Dampak psikologis juga tak kalah berat. Lana, bocah berusia 10 tahun, mengalami perubahan drastis: rambut dan kulitnya memutih dalam semalam akibat trauma bom yang meledak di dekat tempat pengungsian. Ia kini menarik diri dan hanya berbicara dengan bonekanya. “Kesehatan mentalnya hancur,” kata ibunya, Mai Jalal al-Sharif.
“Gaza hari ini adalah kuburan bagi anak-anak dan mimpi-mimpi mereka,” ujar Ahmad Alhendawi dari Save the Children. Ia menambahkan, generasi muda Palestina tumbuh dengan keyakinan pahit bahwa dunia telah meninggalkan mereka.
Sejak awal Maret, Israel menutup ketat perlintasan Gaza, hanya mengizinkan 86 truk bantuan masuk setiap hari—jauh dari kebutuhan minimal 600 truk. Kondisi ini memicu krisis kelaparan terburuk yang pernah tercatat.

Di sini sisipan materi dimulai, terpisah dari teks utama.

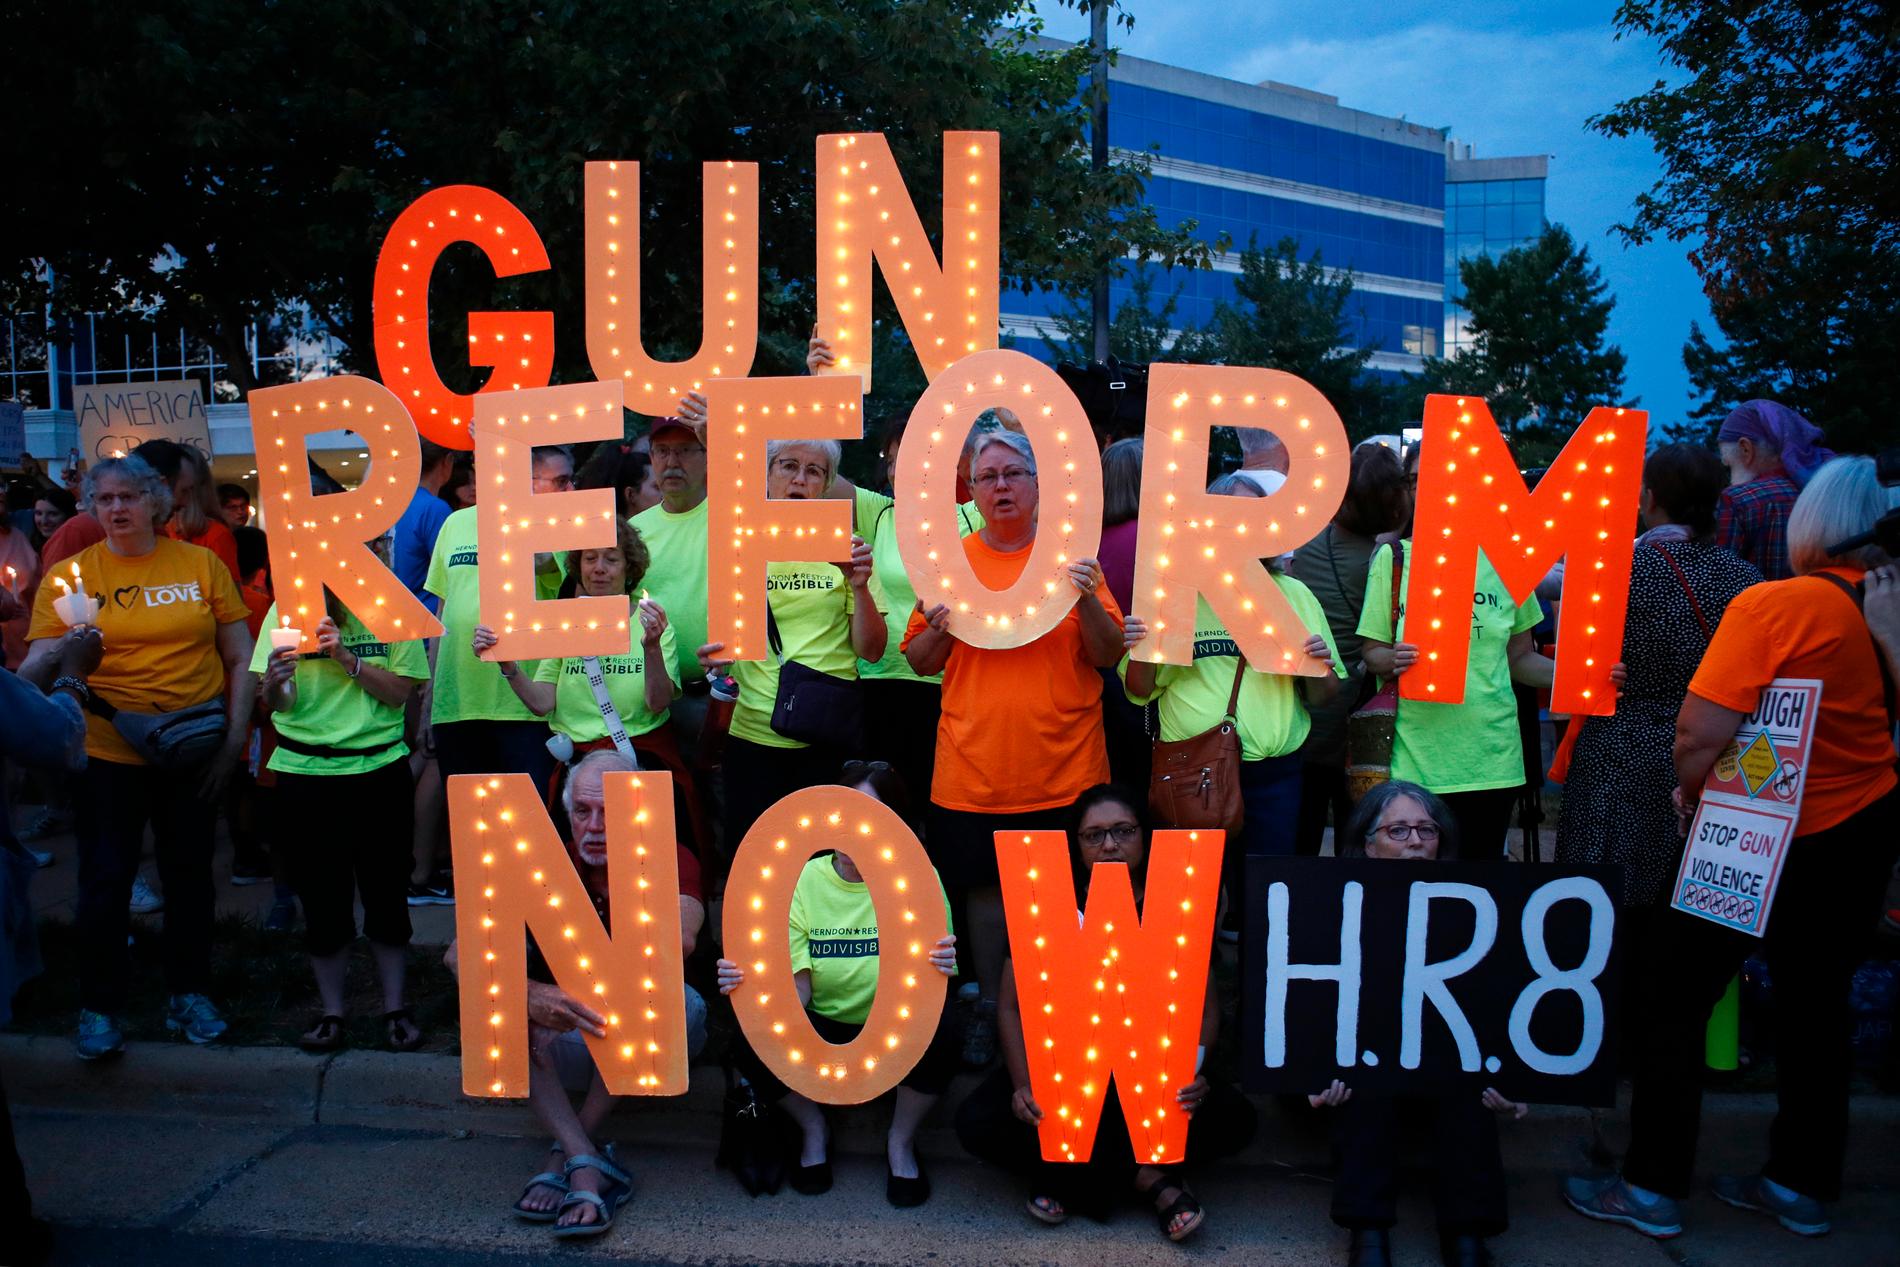 En manifestation för skärpta vapenlagar utanför vapenlobbyorganisationen NRA:s högkvarter i Fairfax i Virginia.

PBB bersama lebih dari 150 organisasi kemanusiaan menyerukan gencatan senjata permanen agar bantuan bisa mengalir, dan anak-anak Gaza memiliki kesempatan untuk pulih, baik secara fisik maupun psikologis. Mereka menyebut situasi ini sebagai ancaman nyata lahirnya “generasi yang hilang”. (Sumber: Aljazeera)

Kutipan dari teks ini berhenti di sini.